Kremer Christine, Kappelin Johan, Perren Fabienne
Neurology Department, Skåne University Hospital, University of Lund, Jan Waldenström Gata 15, S-20502 Malmö, Sweden.
Neurology Department, Skåne University Hospital, University of Lund, Jan Waldenström Gata 15, S-20502 Malmö, Sweden.
J Clin Neurosci. 2014 Oct;21(10):1828-30. doi: 10.1016/j.jocn.2014.01.010. Epub 2014 May 19.
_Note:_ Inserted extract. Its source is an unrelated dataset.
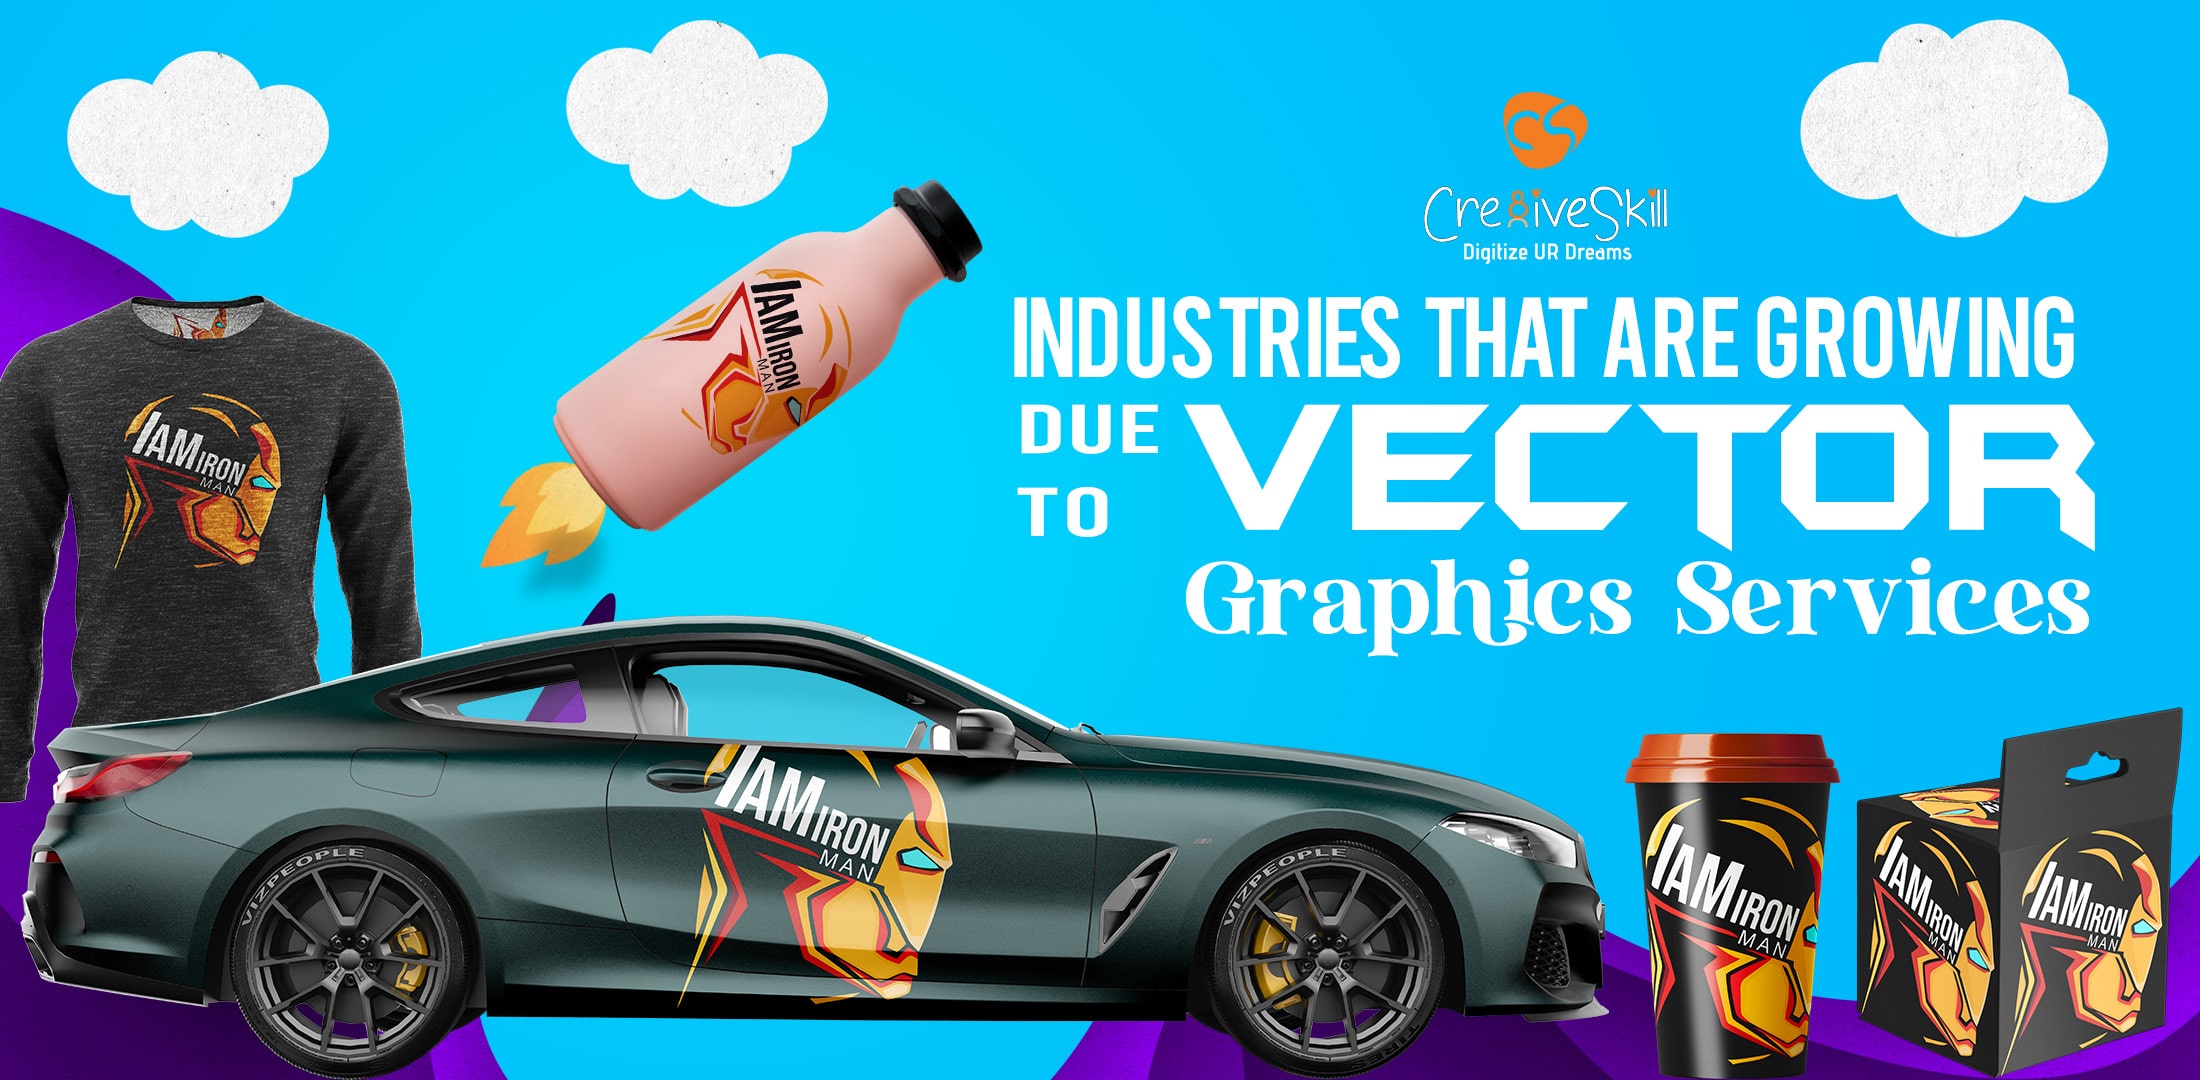 Industries That Are Growing Due To Vector Graphics Services | Cre8iveSkill

Clinical observation suggested to us that aphasia recovers relatively better than other deficits early after intravenous recombinant tissue plasminogen activator (IV-rtPA) treatment in stroke patients with minor deficits, while the reverse seemed the case in those with severe deficits. Retrospective analysis of acute ischemic stroke patients with aphasia admitted within 3 hours from symptom onset and treated with IV-rtPA was carried out. Stroke severity, aphasia and global neurological impairment were assessed at admission and 24 hours after thrombolysis. Improvement of aphasia (gain of ⩾ 1 point on the National Institutes of Health Stroke Scale [NIHSS] aphasia score) and global neurological improvement (gain of ⩾ 4 points on the NIHSS) were compared in minor strokes (NIHSS ⩽ 7), moderate strokes (NIHSS 8-15), and major strokes (NIH ⩾ 16). Sixty-nine of 243 stroke patients suffered from aphasia. Improvement of aphasia occurred in 7/16 minor strokes, 11/25 moderate strokes, and 7/28 severe strokes. Improvement of ⩾ 4 points on the NIHSS occurred in 3/16 minor strokes, 17/25 moderate strokes and 15/28 severe strokes. There is a significant (X(2)=4.073, p<0.05) dissociation of recovery of aphasia and that of other neurological deficits between minor versus severe strokes. This confirms the clinically suspected dissociation between a good early recovery from aphasia in minor strokes relative to recovery of other neurological deficits, as opposed to a better recovery from other neurological deficits than from aphasia in patients with severe strokes.
临床观察提示我们,在轻度神经功能缺损的卒中患者中,静脉注射重组组织型纤溶酶原激活剂(IV-rtPA)治疗后,失语症的恢复相对优于其他神经功能缺损,而在重度神经功能缺损的患者中情况似乎相反。对症状发作后3小时内入院并接受IV-rtPA治疗的急性缺血性卒中失语患者进行了回顾性分析。在入院时和溶栓后24小时评估卒中严重程度、失语症和整体神经功能缺损情况。比较了轻度卒中(美国国立卫生研究院卒中量表[NIHSS]评分≤7分)、中度卒中(NIHSS评分8 - 15分)和重度卒中(NIHSS评分≥16分)中失语症的改善情况(NIHSS失语症评分提高≥1分)和整体神经功能改善情况(NIHSS评分提高≥4分)。243例卒中患者中有69例患有失语症。16例轻度卒中中有7例失语症得到改善,25例中度卒中中有11例,28例重度卒中中有7例。NIHSS评分提高≥4分的情况在16例轻度卒中中有3例,25例中度卒中中有17例,28例重度卒中中有15例。轻度与重度卒中之间,失语症恢复与其他神经功能缺损恢复存在显著差异(X(2)=4.073,p<0.05)。这证实了临床上怀疑的情况,即轻度卒中中失语症早期恢复良好相对于其他神经功能缺损的恢复,与重度卒中患者中其他神经功能缺损的恢复优于失语症的恢复相反。